The vote was conducted by roll call after several hours of fiery debate yesterday that resulted in several Opposition lawmakers briefly walking out of parliament in protest at comments by the deputy Prime Minister, Theodoros Pangalos, an outspoken Socialist stalwart.

In a sign that Papandreou had managed to rally Socialist lawmakers after a week of political turmoil, the ruling-party lawmakers voted yes, with 143 from the Opposition voting against and two abstentions.

The vote averts early elections and a stalled government, which many had feared could throw Greece into default on its loans and the rest of the euro zone into a financial panic rivalling the one that followed the Lehman Brothers bankruptcy in 2008.

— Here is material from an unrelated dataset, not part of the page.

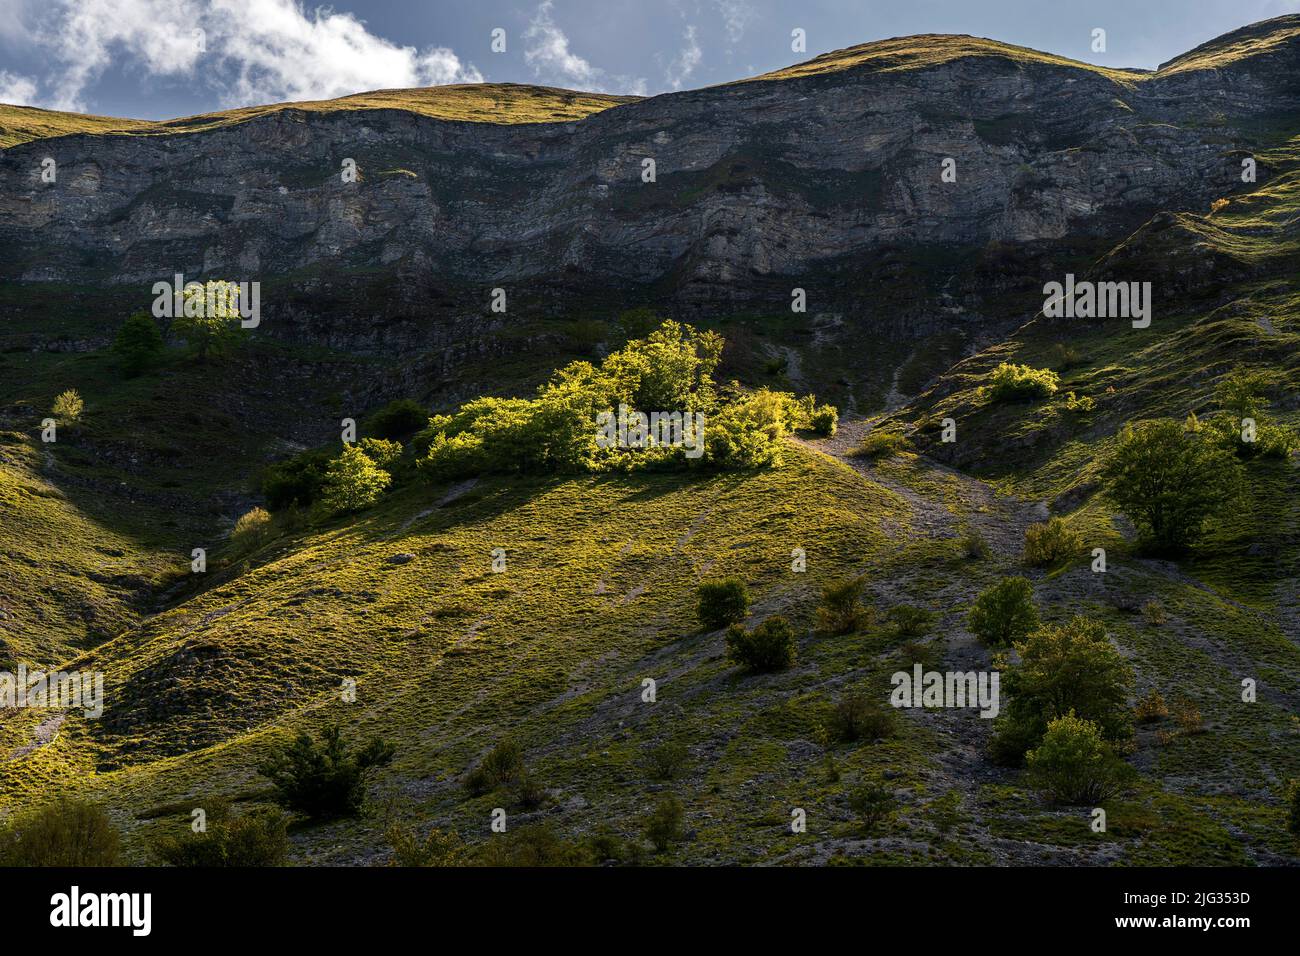 Monti Sibillini National Park, View  from the Paths of Val di Panico, Ussita, Marche, Italy, Europe Stock Photo

Papandreou will face an even bigger challenge when parliament votes next week on a slate of measures that includes tax hikes, wage cuts and state privatisation. The steps were required by the EU, the European Central Bank and the IMF before the release of the next segment of financial aid.

Greece’s new finance minister, Evangelos Venizelos, pledged that parliament would pass the unpopular austerity measures next week. “The midterm programme is a plan for reforming our nation and must be implemented,” the minister said in a reference to the new package of measures.

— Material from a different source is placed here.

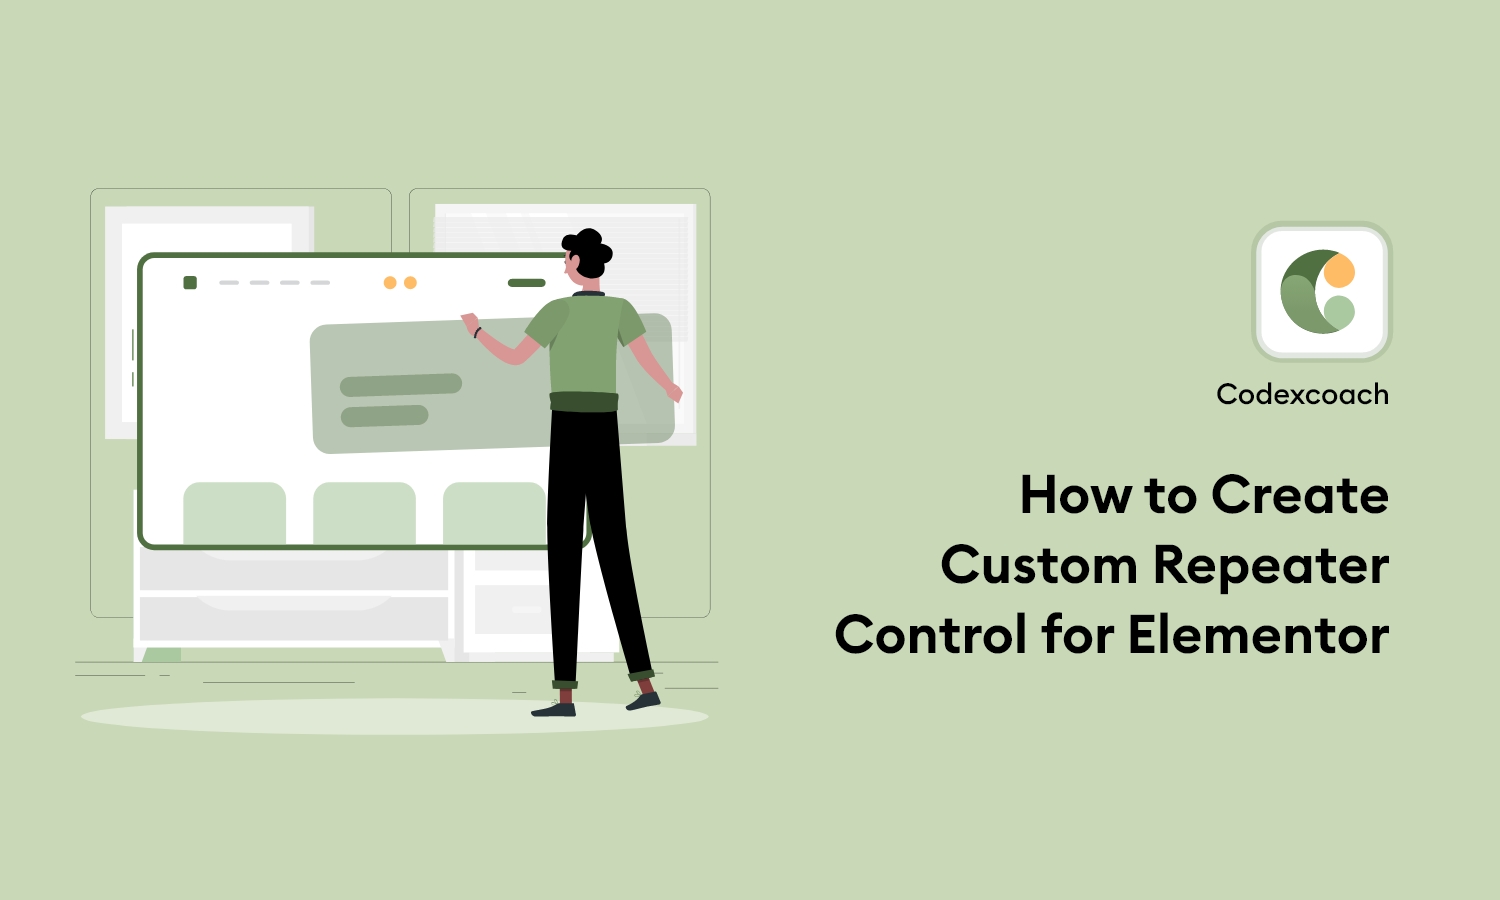 How to Create Custom Repeater Control for Elementor

Before the vote, Papandreou called on parliament and the people to show responsibility and seize “a critical opportunity to save the country from default”.

He appealed as he had last week to the main conservative Opposition party, New Democracy, for consensus on the austerity measures, which will be voted on in parliament next Tuesday. But he seemed to know his entreaties were falling mostly on deaf ears, and he could not resist a dig at the Opposition, saying: “Our government had to struggle to clean up after your mistakes.”

He defended the country’s foreign creditors, who have become a lightning rod for popular fury, saying: “They are giving us a helping hand in difficult times.”